Erin Schmidtke, Session Daily, March 13, 2012 –

The education commissioner would need to receive legislative approval to adopt new academic standard rules.

This is the core idea of HF1847SF1656*, sponsored by Rep. Sondra Erickson (R-Princeton) and Sen. Carla Nelson (R-Rochester). The bill would allow the commissioner to continue to review and revise school standards and benchmarks, but would require specific legislation to authorize those revisions as official rules.

The House Education Reform Committee approved the bill and sent it to the House floor. The Senate passed it 39-26 March 1.

Erickson explained that the bill would create a necessary conversation about how rules are created and effect schools on a daily basis.

“The reason that I am carrying this legislation is not necessarily because I agree with it. But I want to have a discussion about what I see happening not only in the area of teaching, but in our classrooms,” Erickson said.

She added that she would prefer fewer rules that allow teachers to meet knowledge- based guidelines in ways that fit their students’ needs best.

Education Department administrators asserted that current rulemaking is already effective. Government Relations Director Kevin McHenry said that the rulemaking process is intended to avoid the political arena, relying on input from citizens instead.

Rep. Mindy Greiling (DFL-Roseville) also expressed concern, saying that she opposes legislative involvement in rulemaking, except in the case of complicated or political issues in education.
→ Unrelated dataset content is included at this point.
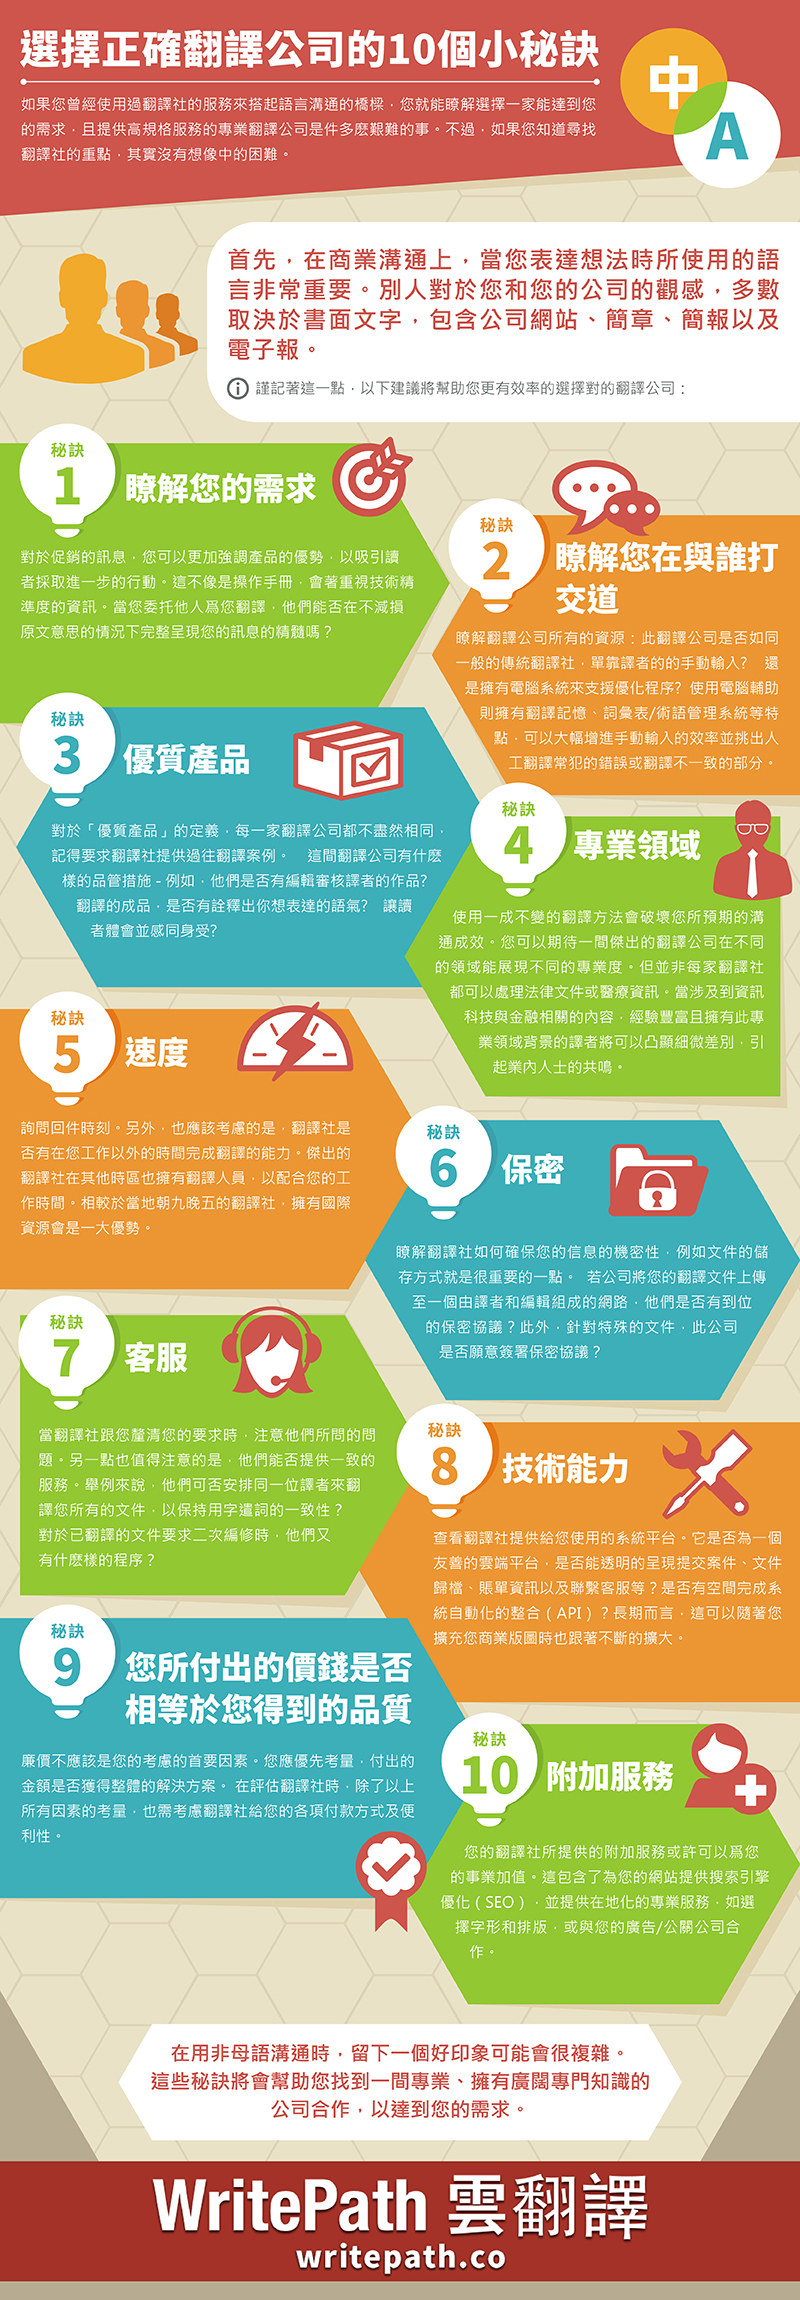 [Infographic] 選擇正確翻譯公司的10個小秘訣
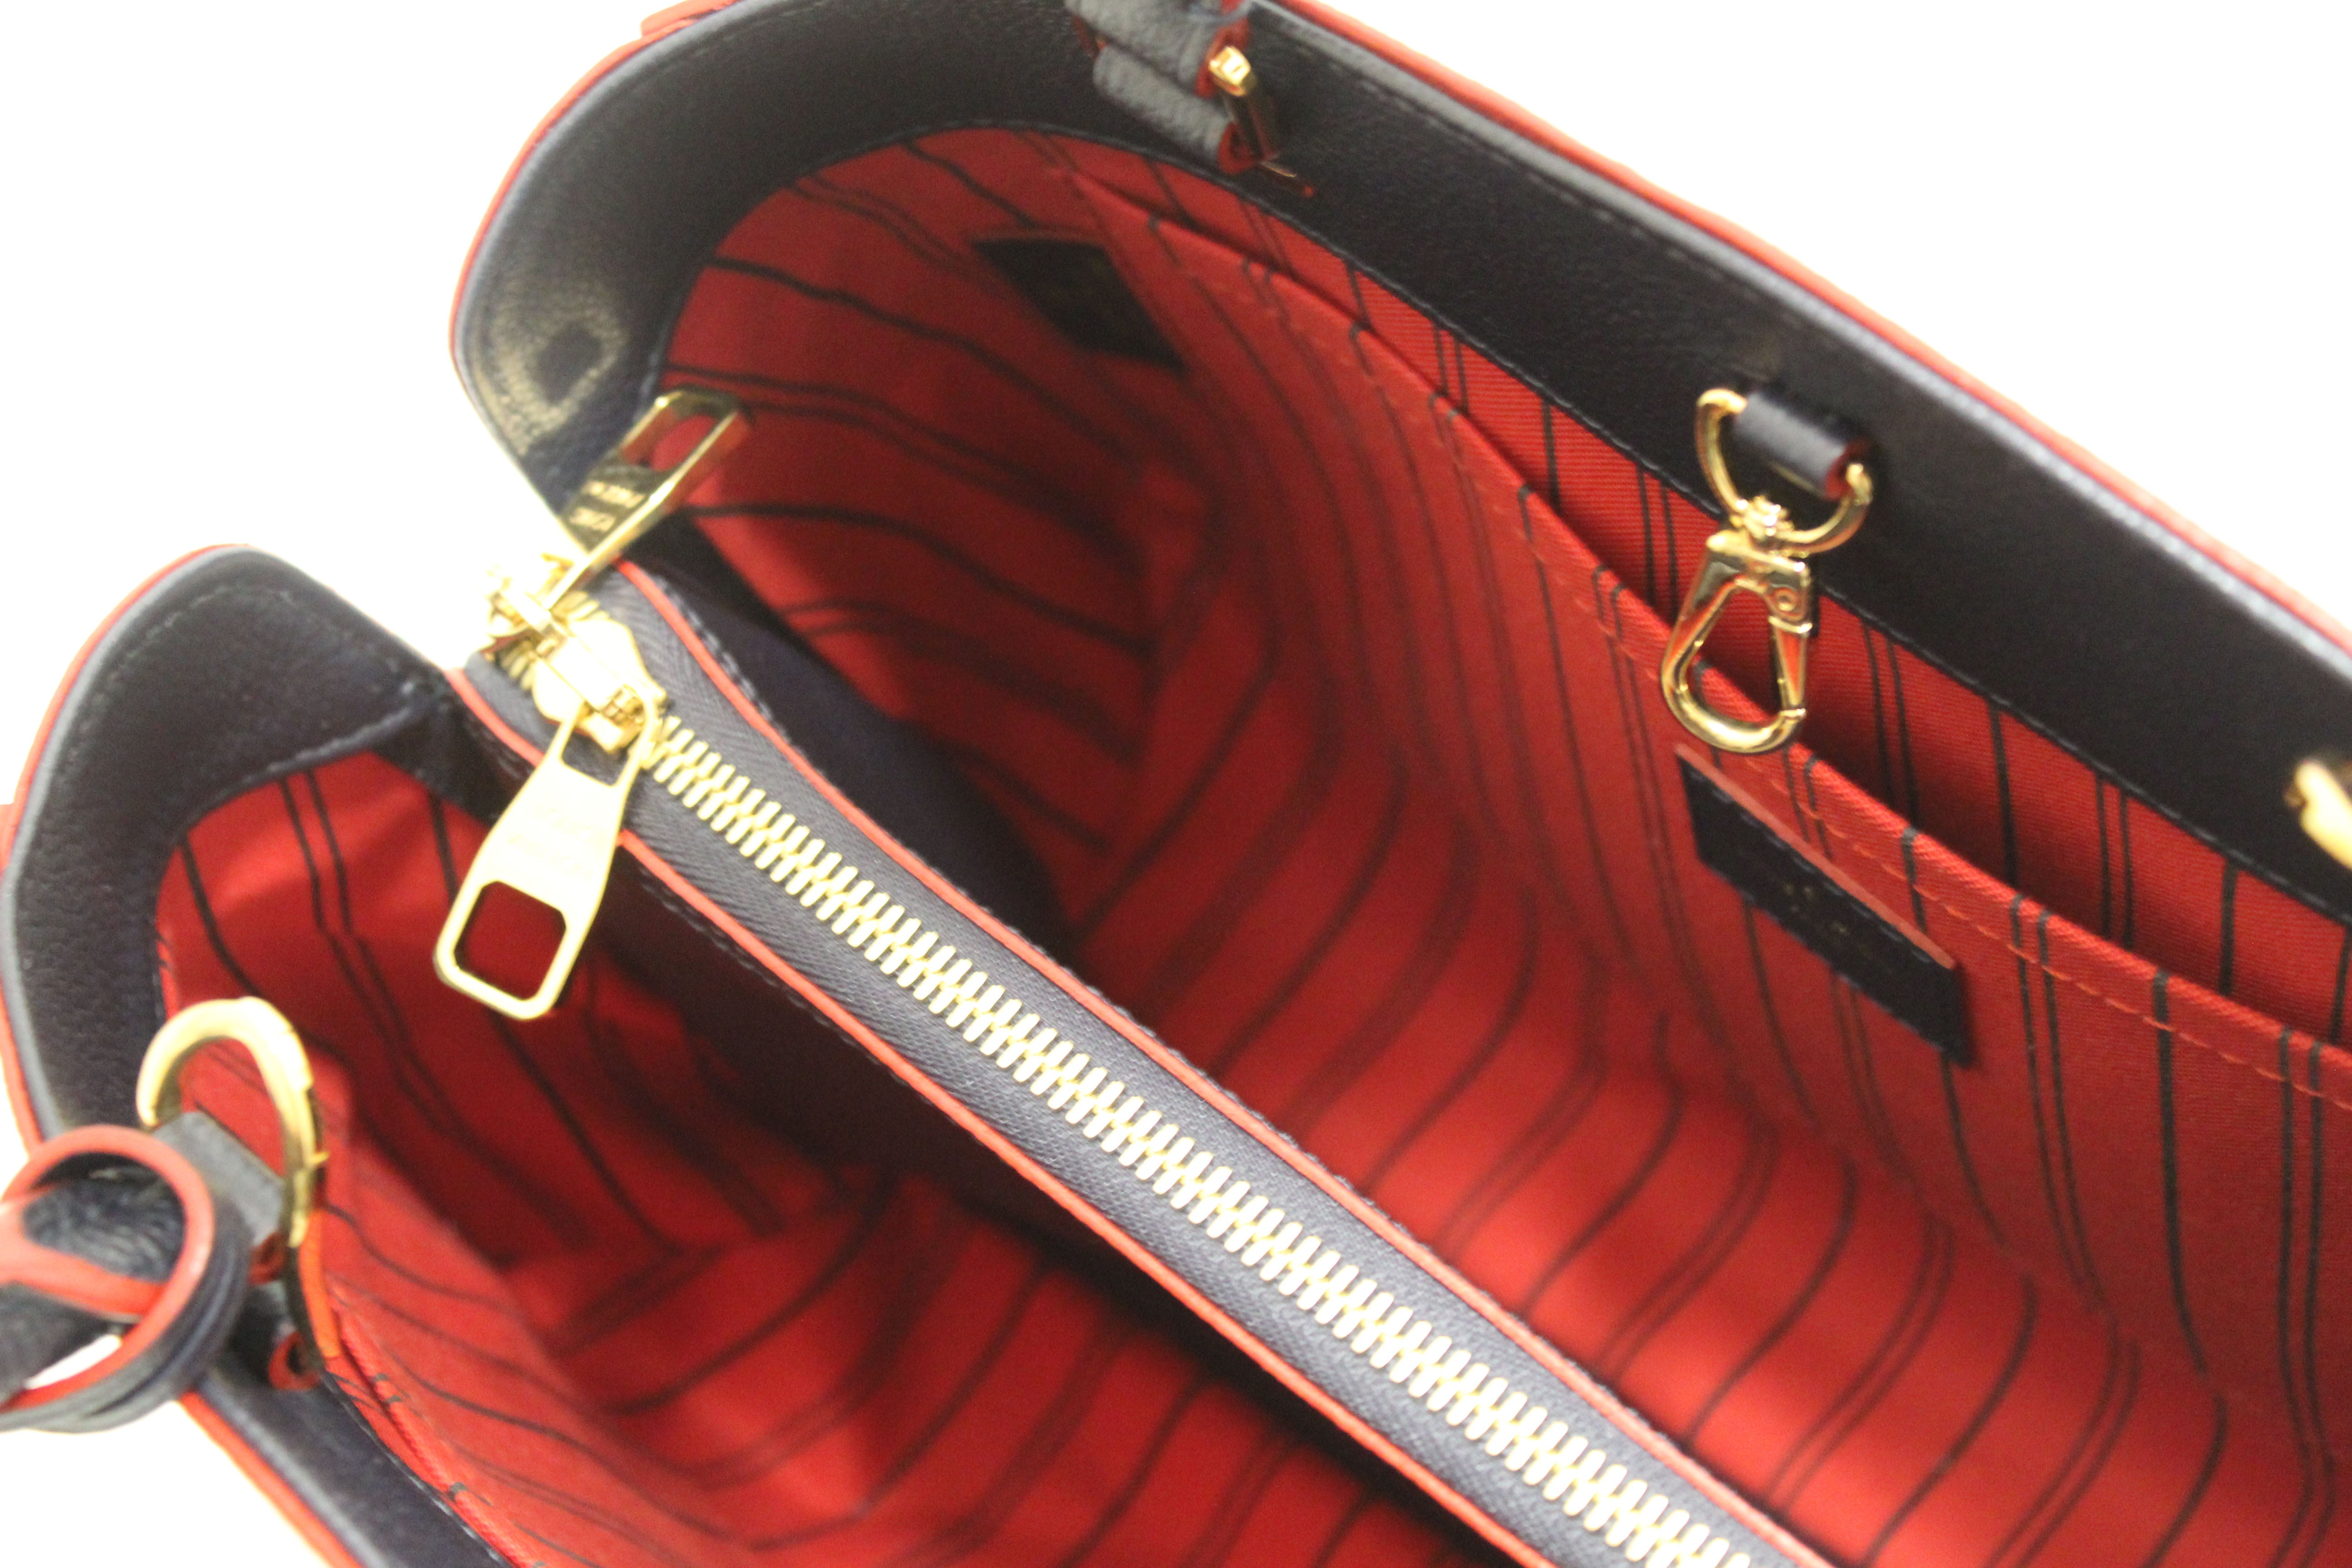 Red Louis Vuitton Monogram Empreinte Montaigne MM Satchel

She suggested that rulemaking be restricted to the duration of the legislative session, so that lawmakers may have a chance to more easily review rule changes.

Karen Effrem, president of Education Liberty Watch, urged committee members to support the bill as a countermeasure to executive and federal involvement in education.

“It’s very important for the people’s representatives to weigh in,” she said.